Tinctura Gentianae Composita (U. S. P.)—Compound Tincture of Gentian.

Related entry: Gentiana (U. S. P.)—Gentian

Preparation.—"Gentian, one hundred grammes (100 Gm.) [3 ozs. av., 231 grs.]; bitter orange peel, forty grammes (40 Gm.) [1 oz. av., 180 grs.]; cardamom, ten grammes (10 Gm.) [154 grs.]; alcohol, water, each, a sufficient quantity to make one thousand cubic centimeters (1000 Cc.) [33 fl℥, 391♏︎]. Mix the gentian, orange peel, and cardamom., and reduce the mixture to a moderately coarse (No. 40) powder. Mix alcohol and water in the proportion of six hundred cubic centimeters (600 Cc.) [20 fl℥, 138♏︎] of alcohol to four hundred cubic centimeters (400 Cc.) [13 fl℥, 252♏︎] of water. Having moistened the powder with one hundred cubic centimeters (100 Cc.) [3 fl℥, 183♏︎] of menstruum, macerate for 24 hours; then pack it in a cylindrical percolator, and gradually pour menstruum upon it, until one thousand cubic centimeters (1000 Cc.) [33 fl℥, 391♏︎] of tincture are obtained"—(U.S. P.). This produces a bitter, brown-yellow tincture having a pleasant aromatic odor.

Action, Medical Uses, and Dosage.—An aromatic, bitter, and stomachic; inferior, however, to the preparation of same name given below. Dose, 30 to 120 drops.
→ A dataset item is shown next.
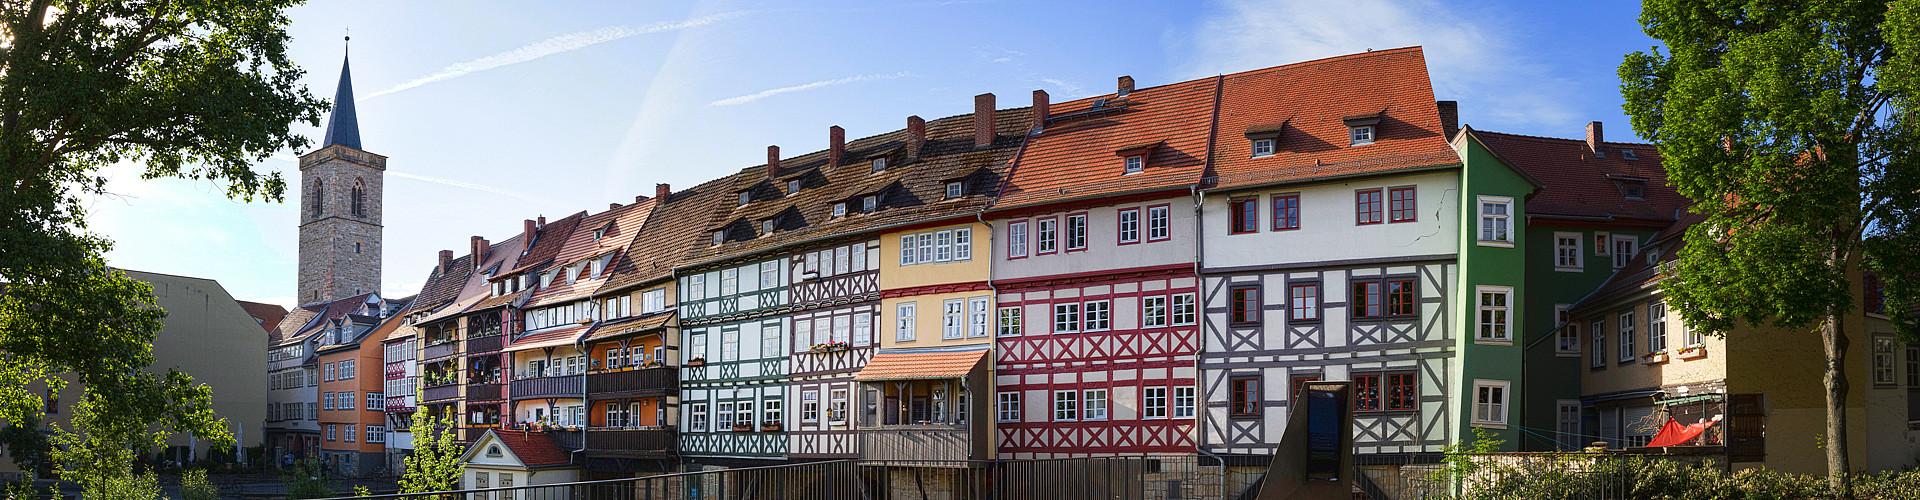 Blick auf die Krämerbrücke in Erfurt.

Related Tincture.—TINCTURA GENTIANAE COMPOSITA, Compound tincture of gentian. Take of gentian, colombo, swamp milkweed, rhubarb, prickly ash berries, sassafras, each, 1 ounce; good French brandy, 4 pints, or a sufficient quantity. Form into a tincture by maceration or percolation, as explained under Tincturae, and make 4 pints of tincture. This is a mild aperient, stimulant, and tonic, and is especially adapted to children with debilitated stomachs or disordered condition of the digestive organs, after the administration of anthelmintics for the removal of worms, and during convalescence from exhausting diseases, as summer complaint, diarrhoea, dysentery, fevers, etc. The dose is from 10 drops to 1 teaspoonful, 3 or 4 times a day, in sweetened water (J. King).

TINCTURA AMARA (N. F.), Bitter tincture, Stomachic tincture, Bitter stomachic drops, Stomach drops.—"Gentian, fifty grammes (50 Gm.) [1 oz. av., 334 grs.]; centaury, herb, fifty grammes (50 Gm.) [1 oz. av., 334 grs.]; bitter orange peel, thirty-five grammes (35 Gm.) [1 oz. av., 103 grs.]; orange berries, seventeen grammes (17 Gm.) [262 grs.]; zedoary, root, seventeen grammes (17 Gm.) [262 grs.]; alcohol, water, of each, a sufficient quantity to make one thousand cubic centimeters (1000 Cc.) [33 fl℥, 391♏︎]. Reduce the drugs to a moderately coarse (No. 40) powder, and percolate it, in the usual manner, with a mixture of 2 volumes of alcohol and 1 volume of water, until one thousand cubic centimeters (1000 Cc.) [33 fl℥, 391♏︎] of percolate are obtained. Note.—Centaury is the herb of Erythraea Centaurium, Persoon. Orange berries are the unripe fruit of Citrus vulgaris, Risso, collected while small. Zedoary is the rhizome of Curcuma Zedoaria, Roscoe. The product obtained by the above formula is practically identical with that which is official in the German Pharmacopoeia"—(Nat. Form.).